Annan turned in time to hear the old servant picking himself out of the mud. “Saints in Heaven—!”
Annan took one running step, met him before he could rise from his knees, and dealt him a solid blow with the flat of his blade on the back of the head. Behind him, a similar thud told him Marek had remembered to administer the same service to the groggy Bartholomew.
For a moment they listened to their own breath gusting in the sudden silence of the street.
“Think anybody heard us?” Marek asked.
“Would you like to tell me what in the name of the faith you’re doing here?”
“I came to help you, you great troll.
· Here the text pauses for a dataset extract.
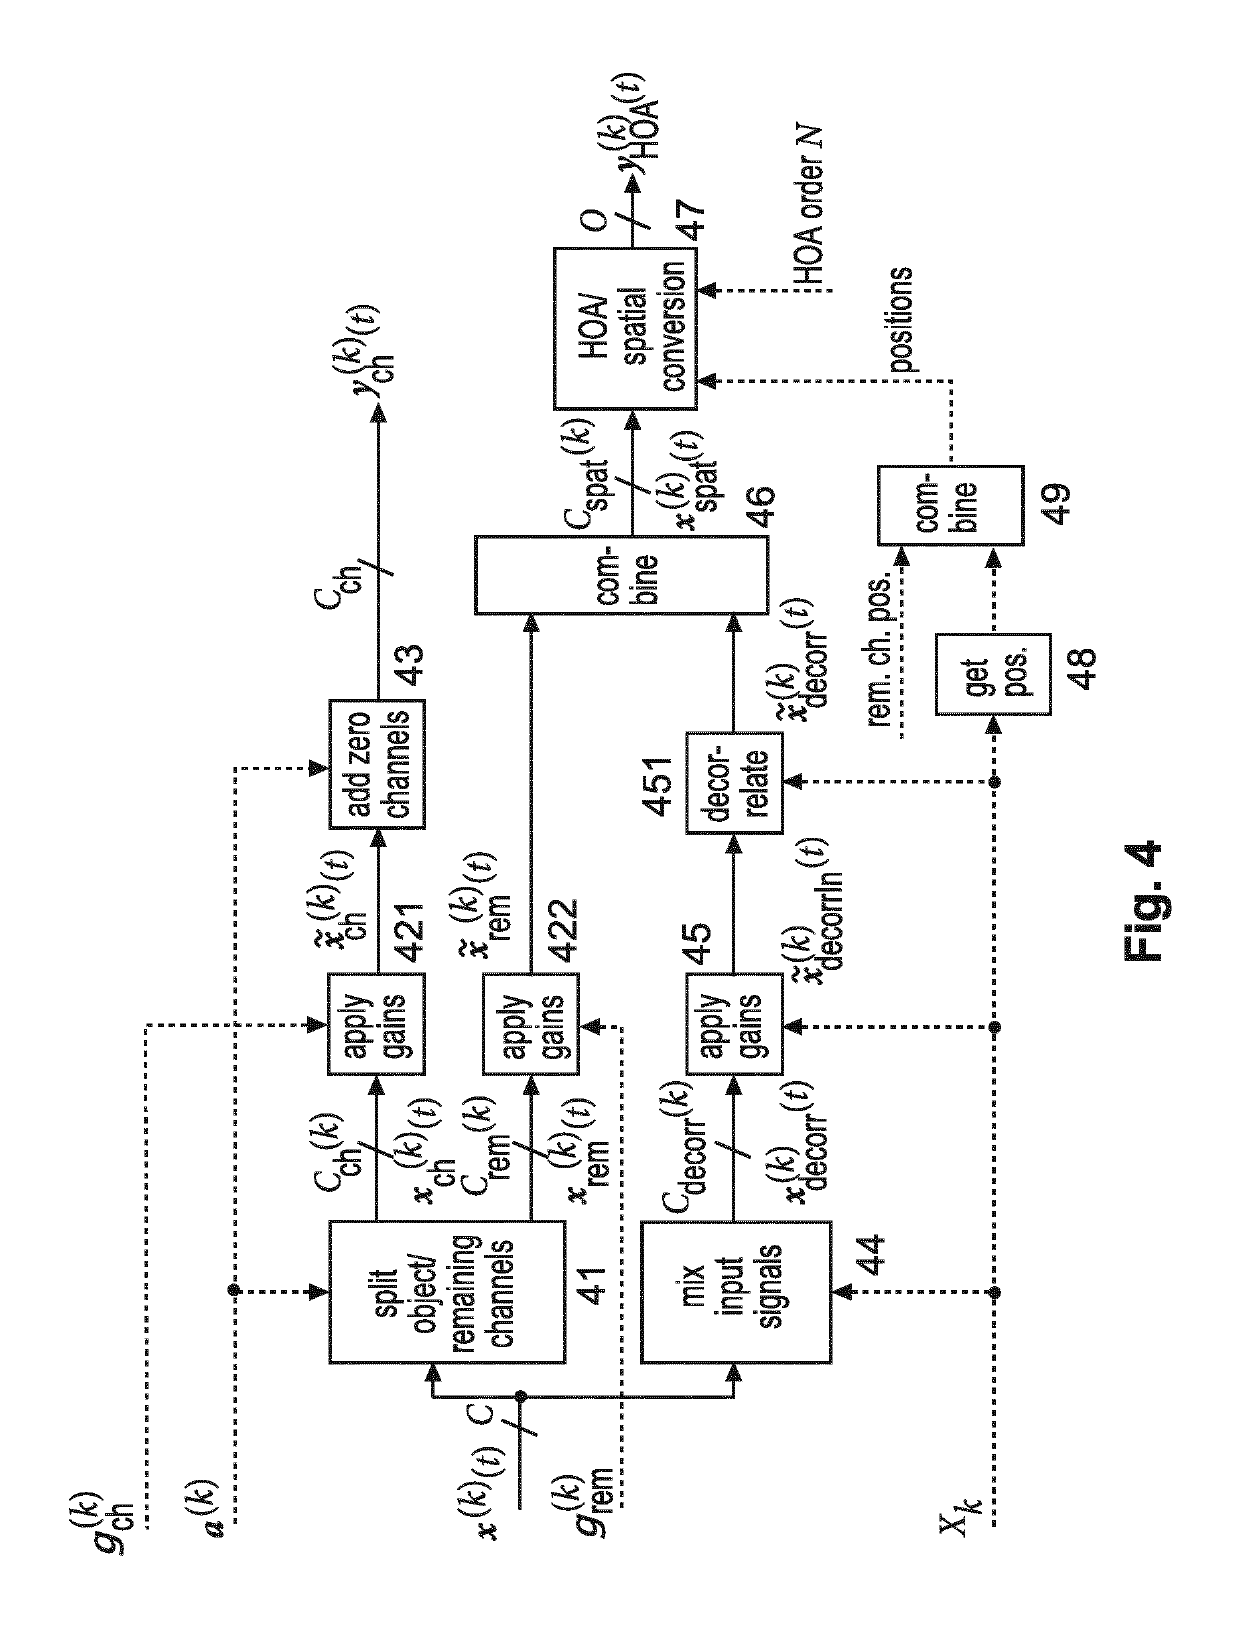 Method and apparatus for generating from a multi-channel 2D audio input signal a 3D sound representation signal

Are your hands still tied?”
“What do
you
think?”
They withdrew into the shelter of the doorway, and Marek felt along Annan’s arms for the ropes.
“Where’s Warin?” Annan demanded.
“With Lady Eloise.” Marek inserted his blood-sticky blade between Annan’s wrists and slit the ropes in two quick cuts. “Don’t worry. They’re fine together.”
Rubbing his wrists, Annan growled. “I don’t suppose it even occurred to whatever swims around inside your head in place of a brain that plans are decided upon for a reason?”
“This plan had a fault in it.” Marek ducked his head out the doorway, shot a glance in either direction, then pulled himself back in and eased the door shut. “Most notably, that you’d be dead if I hadn’t decided to come along as protection.”
Annan’s snort wasn’t quite as emphatic as it should have been. Despite its inevitable crooked bent, Marek’s logic wasn’t entirely without truth.
“Besides,” Marek peered up at him, arms slack at his sides, “I had to help make this right.”
Annan sighed. Blood oozed from the cuts in his palms, and he pulled one hand away from the sword to wipe it against the front of his tunic. “Aye. I know you did.”
Somewhere down the passage, footsteps, no doubt of some awakened servant sent to find the meaning of the commotion in the street, creaked against the floorboards.
Annan glanced at Marek and gestured with his chin for the lad to go ahead. “Sheathe the sword,” he whispered.
Marek’s head flashed up and down in a nod. This was a ploy they had used more than once. Annan withdrew to the side of the foyer’s doorway where he would be hidden. The footsteps drew nearer, and Marek straightened the front of his tunic with a jerk before stepping into their path.
“Hallo! You there, is there a physician in the house?”
The glow of a candle fell across the threshold of the door, almost touching Annan’s feet. “What’s happened?” The servant’s voice was that of a young Londoner.